I'm trying to add custom fields to my search so that it can be refined by meta values. Currently I have added some select lists to my normal search:

<form role="search" action="<?php echo site_url('/'); ?>" method="get" id="searchform">
    <input type="hidden" name="s" value="carcpt" /> <!-- // hidden 'products' value -->

    <select name="price">
        <option value="">Nothing</option>
        <option value="500.00">500.00</option>
        <option value="100.00">100.00</option>
        <option value="50.00">50.00</option>

    <select name="year">
        <option value="">Nothing</option>
        <option value="2011">2011</option>
        <option value="2007">2007</option>
        <option value="1991">1991</option>

    <input type="submit" alt="Search" value="Search" />

and at the top of my search.php I have this conditional:

$q = get_search_query();
if($q = 'carcpt'){

    $price = $_GET['price'];
    $year = $_GET['year'];

    $search = new WP_Query(
            'post_type' => 'carcpt',
            'meta_query' => array(
                    'key' => '_price',
                    'value' => $price
                    'key' => '_year',
                    'value' => $year

That's the scenario - I have 2 questions:

1) This seems like a very 'hacky' way to add and refine my search results by custom fields - is there a better / more widely accepted way to do this?

2) The problem with the query above is that if the user does not enter a price or year - it will run the query and return only post with empty price/year meta. In my query is there a way to determine if a meta is empty and modify my query accordingly - not including a switch?

  • Be careful when using straight $_GET because those, if not escaped, can actually run malicious code. Ensure that you run something like: $p = (string) $_GET['price']; then use $p in your query. – Chad Nov 26 '15 at 16:31
  • @chad $_GET values are already in string format by default and some of the WordPress functions like WP_Query run through prepare() statements which make sure the string can be safely inserted or queried through the database. There's nothing that could be put into $_GET['price'] that would bring down the system or cause a vulnerability, only a query that returns no results. You can also read into PHP: PDO::prepare. – Howdy_McGee Nov 26 '15 at 16:58

1) I think that your solution is perfectly acceptable in terms of the "right way" - post meta is intended for searching. Doesn't seem hacky to me.

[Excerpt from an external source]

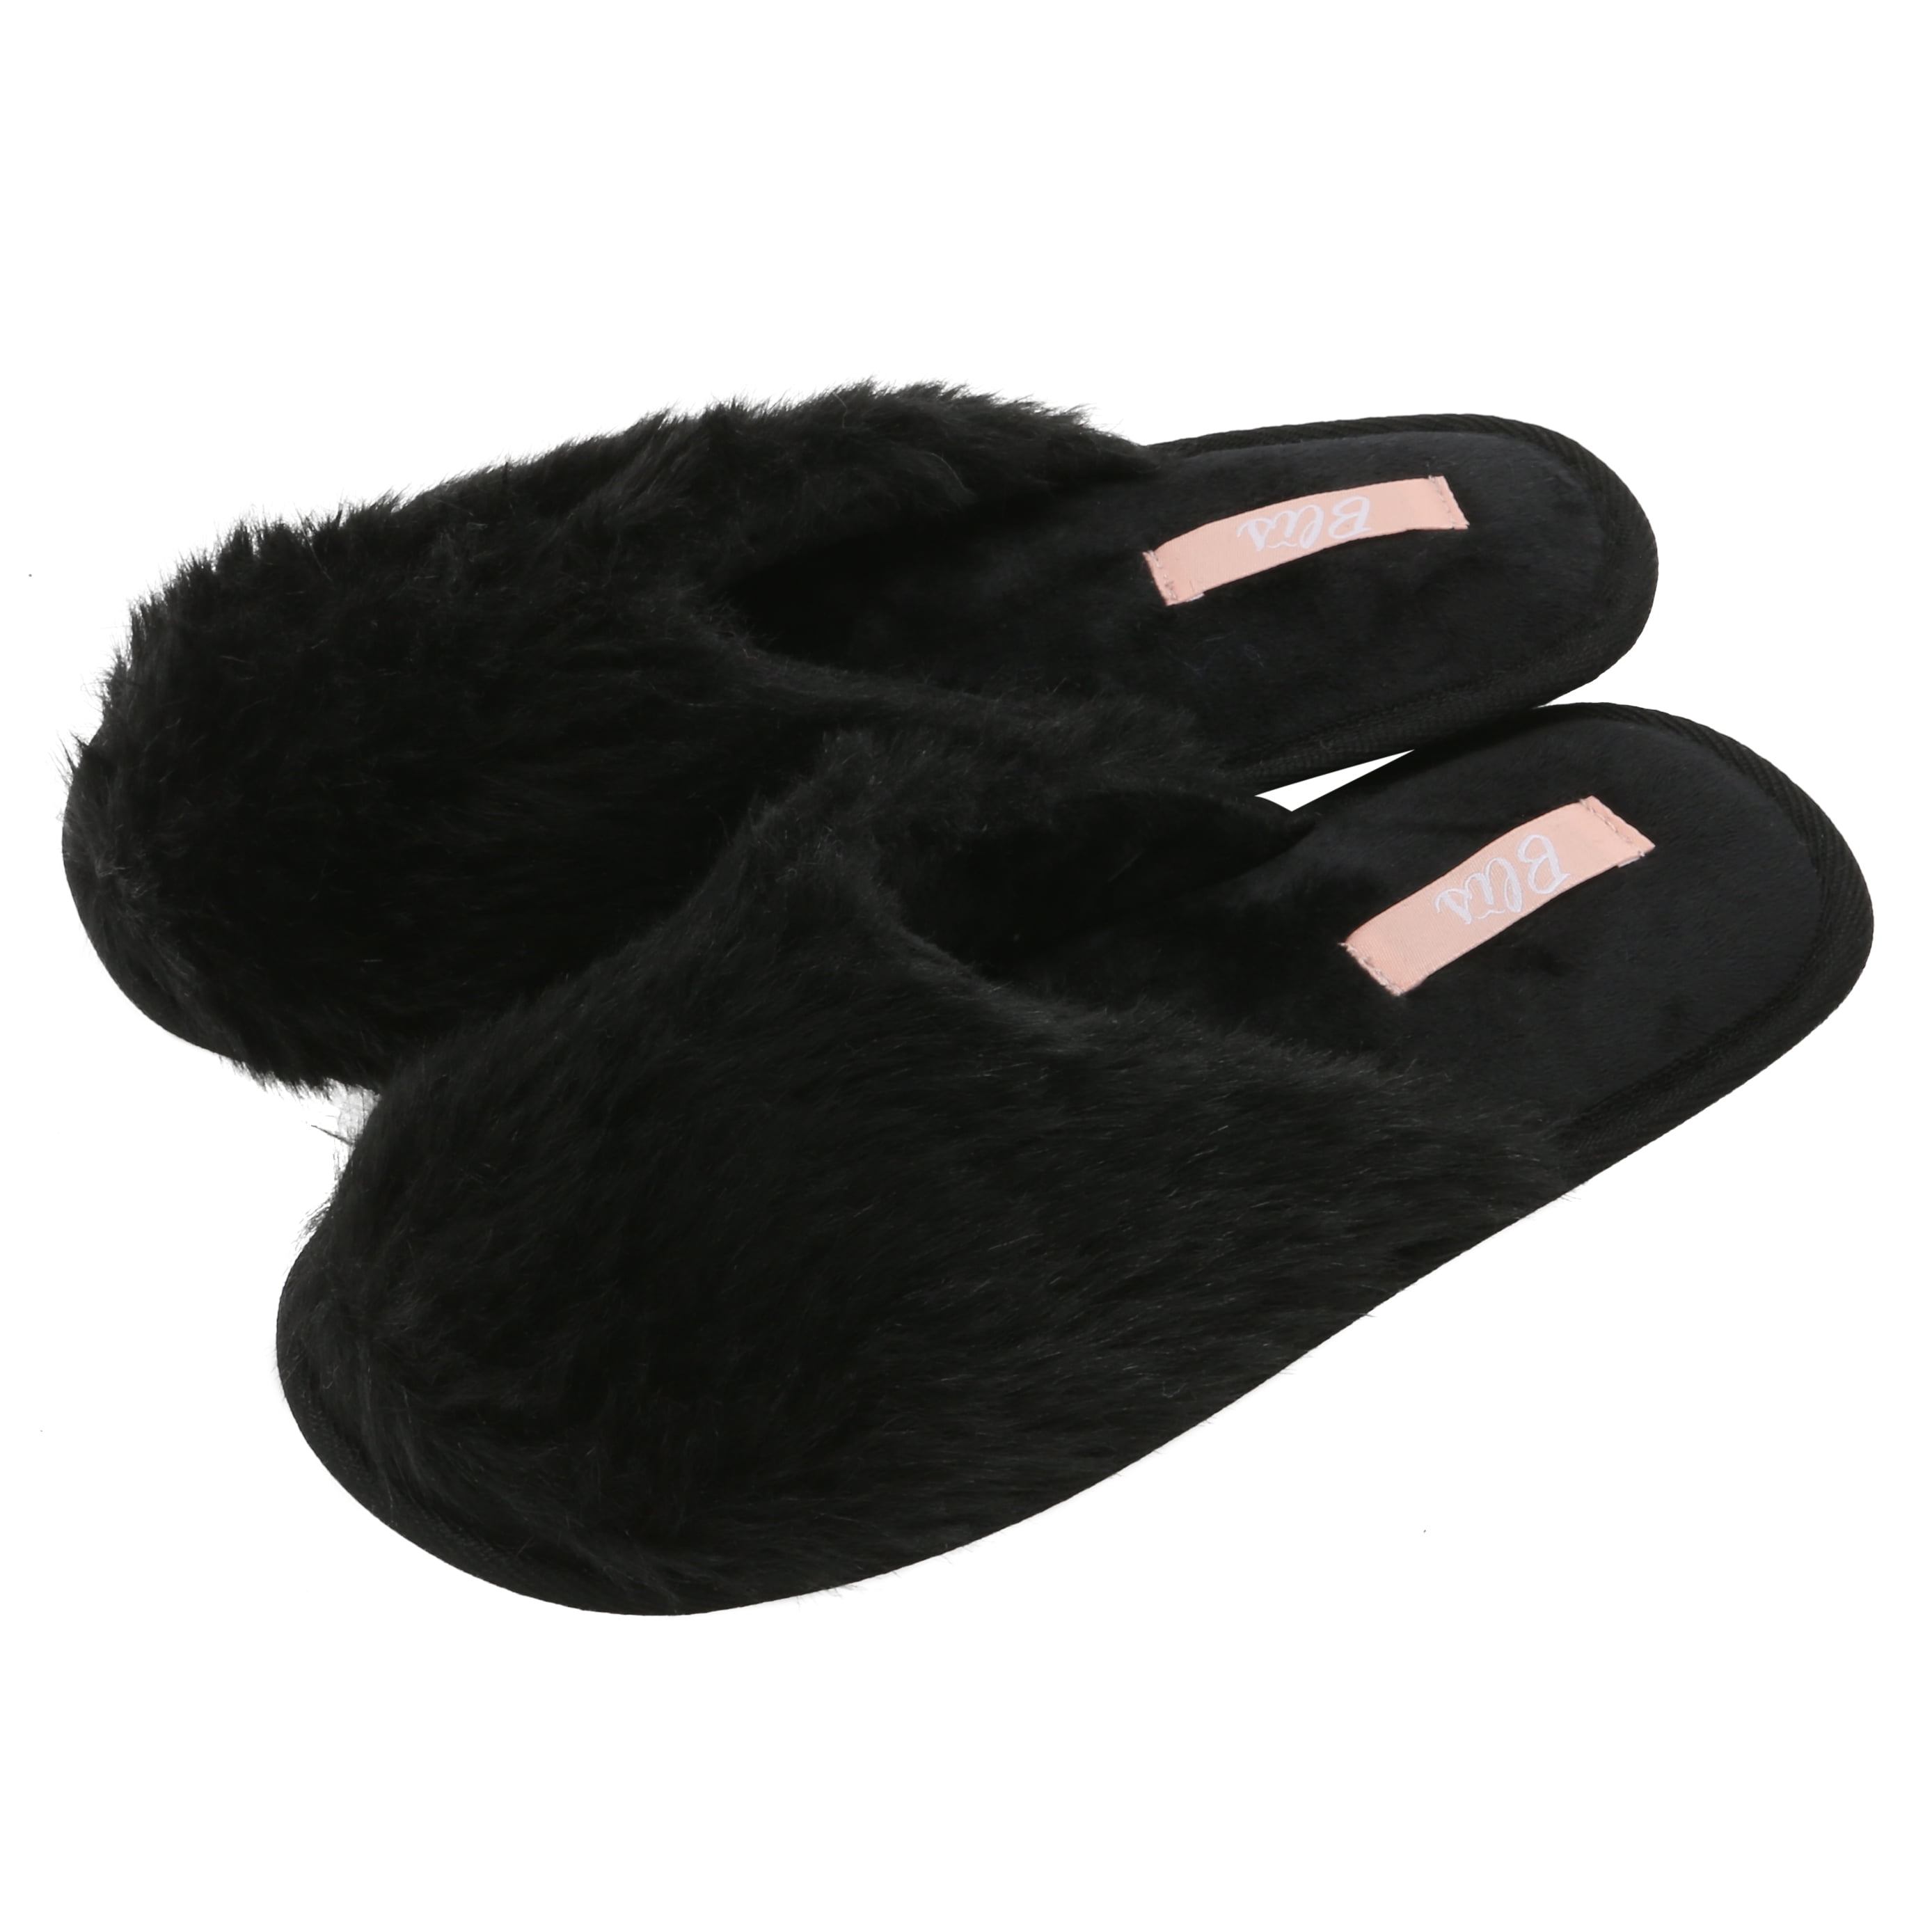 Blis Blis Womens Furry Knit House And Bedroom Slippers Soft And Cozy Slip Ons Black M

2) What you should do is build the meta_query separately:

$meta_query = array();

if( !empty( $_GET['price'] ) ) {
    $meta_query[] = array( 'key' => '_price', 'value' => $_GET['price'] );
if( !empty( $_GET['year'] ) ) {
    $meta_query[] = array( 'key' => '_year', 'value' => $_GET['year'] );

$search = new WP_Query( array(
    'post_type' => 'carcpt',
    'meta_query' => $meta_query
) );

This way you're only querying on meta keys that have a supplied, non-empty value.

I would like to point out that modification of query variables is better done in the pre_get_posts action, otherwise, as in this instance two queries will be executed: one for the search of 'carcpt', and then the second query for the 'carcpt' post type and meta query.